- **LISTED RECORDS**:
-- -- --

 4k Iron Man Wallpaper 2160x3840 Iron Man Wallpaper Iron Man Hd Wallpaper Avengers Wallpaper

-- -- --

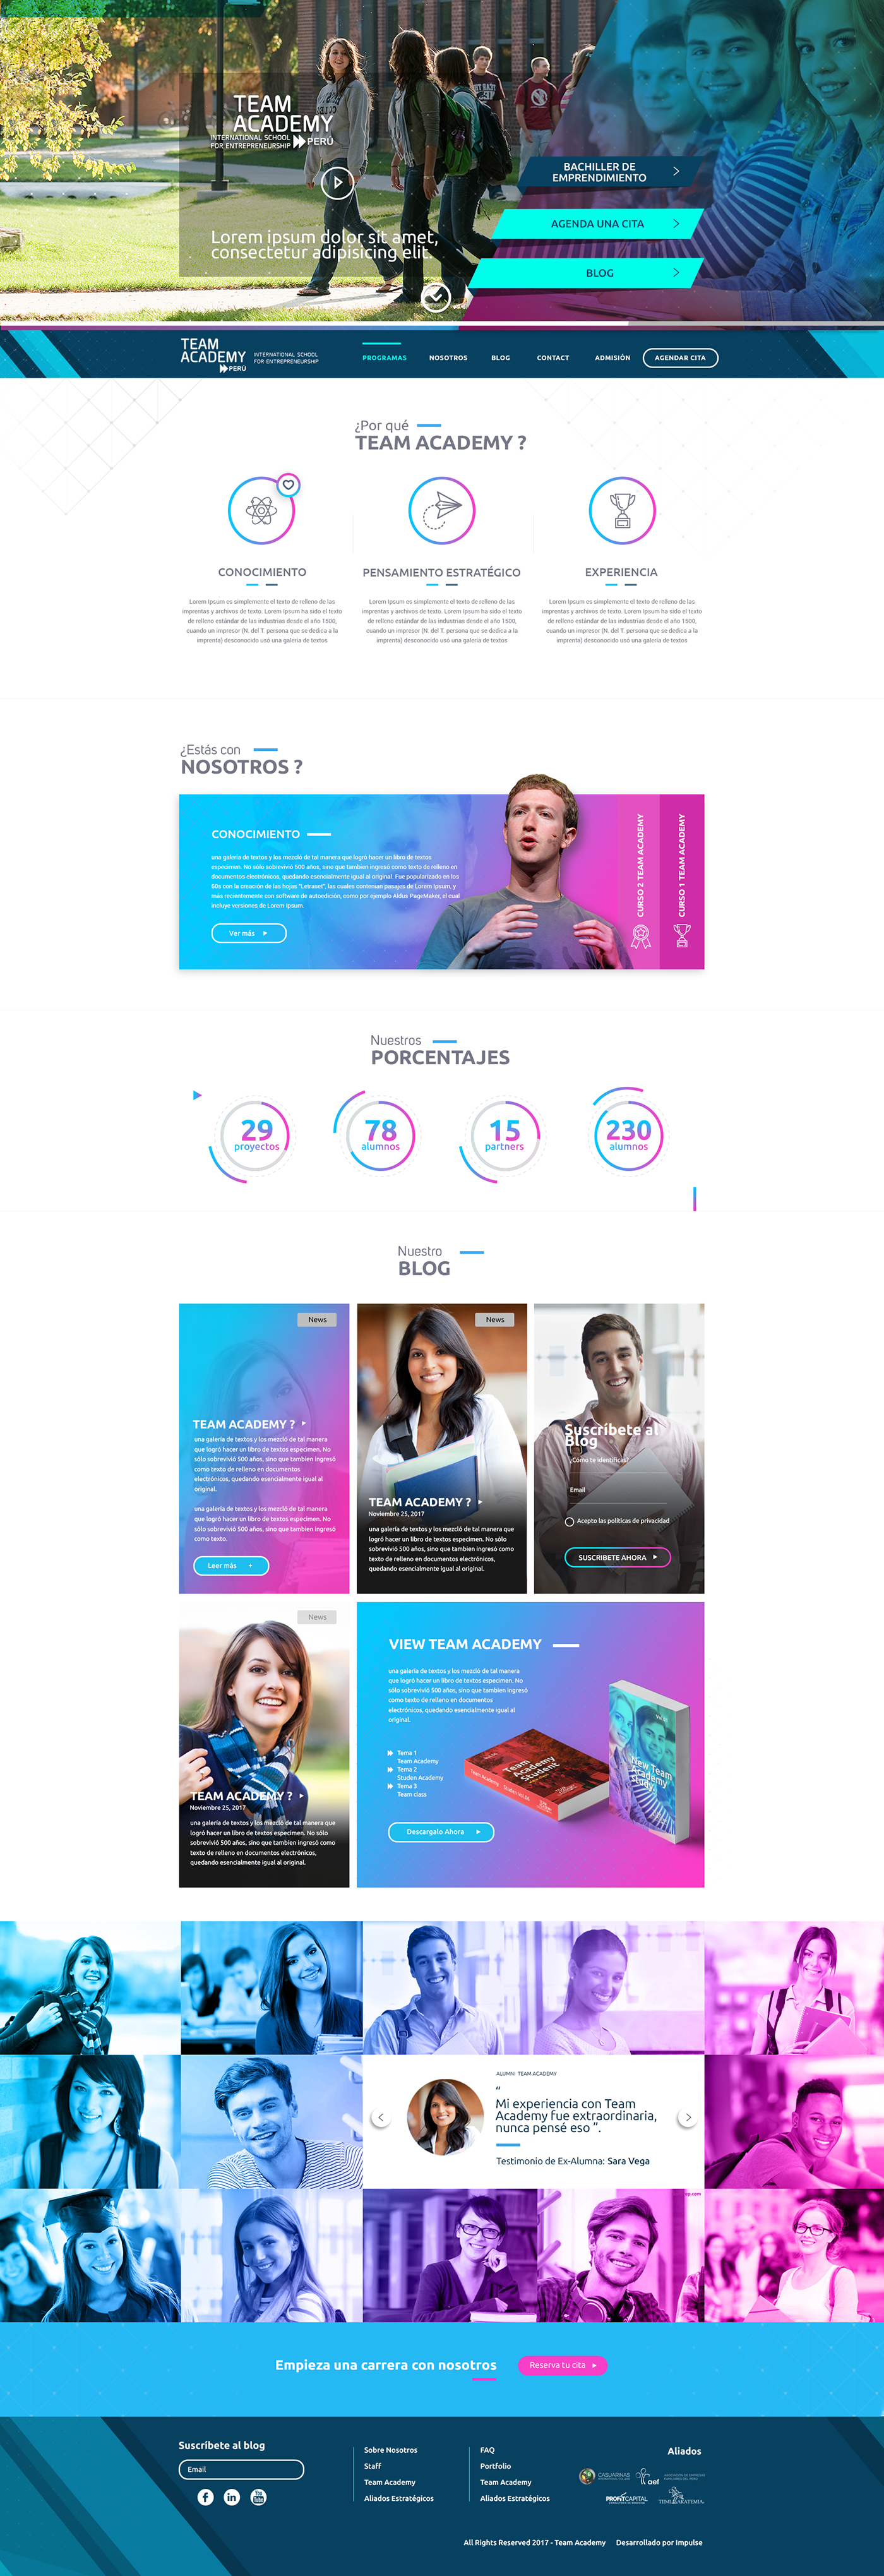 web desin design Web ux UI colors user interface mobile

-- -- --

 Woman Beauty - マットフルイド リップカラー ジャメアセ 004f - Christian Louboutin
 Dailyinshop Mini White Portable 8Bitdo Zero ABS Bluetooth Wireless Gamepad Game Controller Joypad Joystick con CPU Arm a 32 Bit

-- -- --

- **REQUIRED WORK**: Everything starting at the line containing "Woman Beauty - マットフルイド" and ending at the line containing "Dailyinshop Mini White" in the records above should be repeated exactly, and only that.

- **TASK ANSWER**:
 Woman Beauty - マットフルイド リップカラー ジャメアセ 004f - Christian Louboutin
 Dailyinshop Mini White Portable 8Bitdo Zero ABS Bluetooth Wireless Gamepad Game Controller Joypad Joystick con CPU Arm a 32 Bit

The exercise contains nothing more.